Прежде чем мы остановились, люди начали высыпать из главной виллы. Чертовски много людей.
— Вот дерьмо, — пробормотала я.
Мне показалось, что Капо усмехнулся, но я не была уверена. Мое сердце забилось быстрее, а желудок сжался в комок. Мне никогда не приходило в голову, что его семья может быть такой большой. Судя по количеству людей, выходящих из дверей, для того, чтобы разместить их всех использовались все три дома.
Организатор свадьбы никогда не упоминала, сколько гостей будет присутствовать. Она просто сказала, что все, что я захочу, Мистер Маккиавелло велел ей исполнить в точности так, как я того пожелаю. Мне и в голову не приходило, что я должна произвести впечатление на всех этих людей.
Как только Капо выключил двигатель мотоцикла, они бросились прямо к нам. Я не знала, кого обнимаю, кто целует меня в обе щеки, а кто держит на расстоянии вытянутой руки, говоря по-итальянски так быстро, что я не успеваю уловить сути сказанного.
Наконец Капо сжалился надо мной и притянул к себе, взяв ситуацию под свой контроль. Я была слишком занята, пытаясь всех запомнить, но думаю, они проделали то же самое с ним. Когда ему удалось вырваться, он вцепился в меня и начал знакомить со всеми.
Мне нужен еще один дневник, чтобы все записывать. Сестры его матери - Стелла, Элоиза, Канделора и Вероника - выделялись на общем фоне, поскольку они воспитывали его.
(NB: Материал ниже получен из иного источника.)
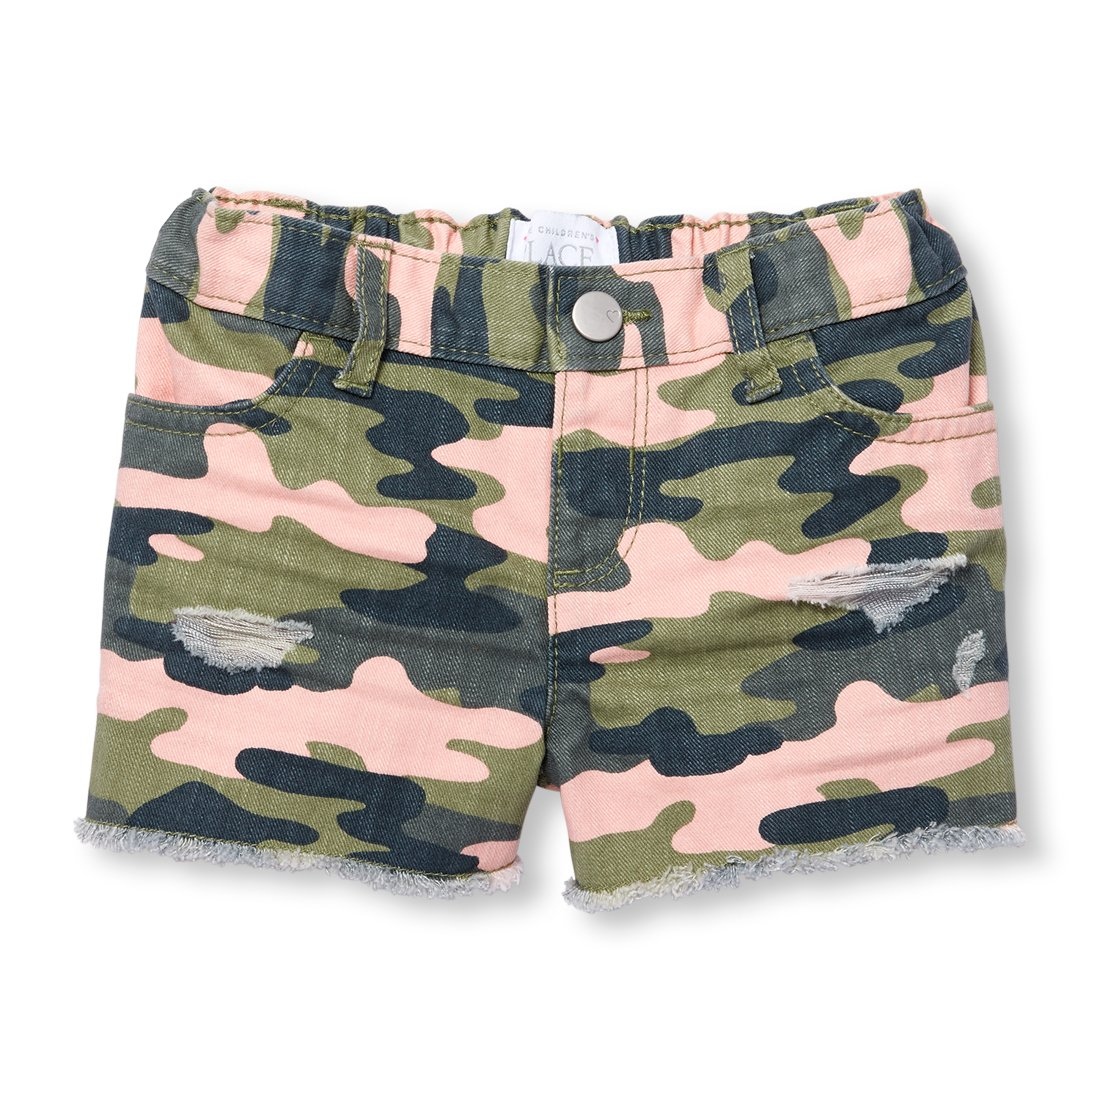 The Children's Place Baby Girls Denim Shorts, Desertpnk 09182, 2T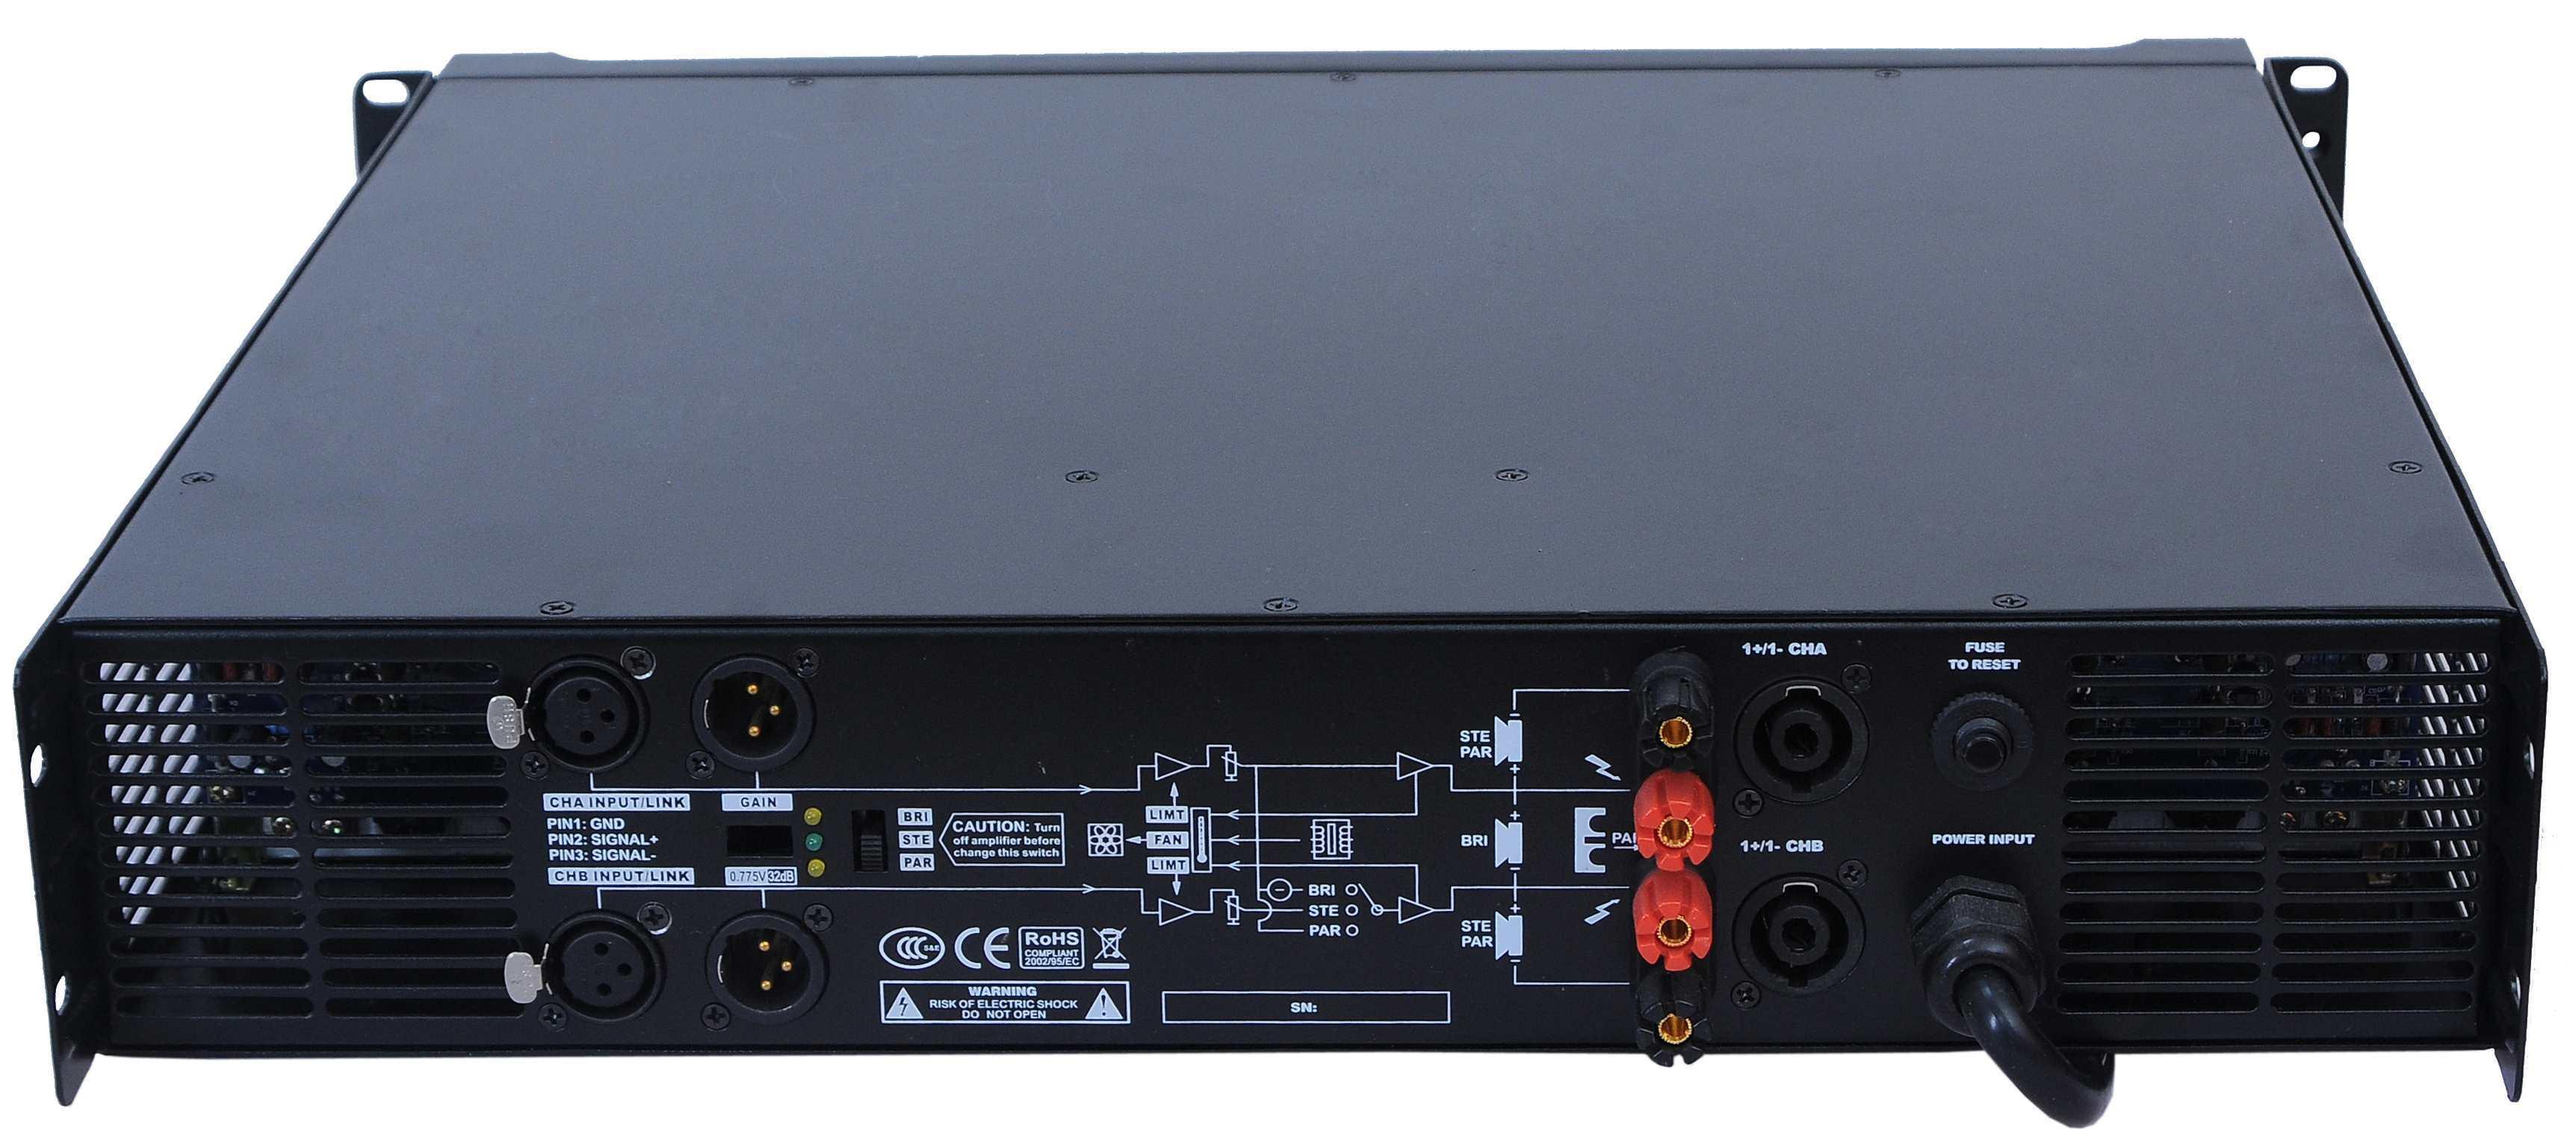 Dp Series, 2 Channels Professional Power Amplifier, 2u Standard Carbinet

Мать Капо звали Ноэми. Я слышала, как Стелла сказала ему, что та будет им гордиться. Потом она взглянула на меня.
Все его дяди, кузены… Я бы сделала все возможное, чтобы не перепутать имена или не запутаться в родственных связях. Я заметила, что все зовут Капо Амадео. Интересно, почему? А потом я удивилась, почему он не дал мне выбора называть его так. Либо Мак, либо босс, либо Капо, но никак не Амадео.
Море людей внезапно расступилось. В толпе воцарилась тишина. Затем в очереди появился пожилой мужчина, Канделора помогала ему. На нем была широкополая шляпа и старомодный костюм с подтяжками. Несмотря на то, что было видно, как он боролся за каждый вздох, мужчина держал голову высоко поднятой. Оттенок его кожи был оливковым, но при этом была в нем и какая-то болезненная бледность. Его карие глаза были живыми, хотя тени кругами залегли под ними. Когда он улыбнулся, его седые усы дернулись.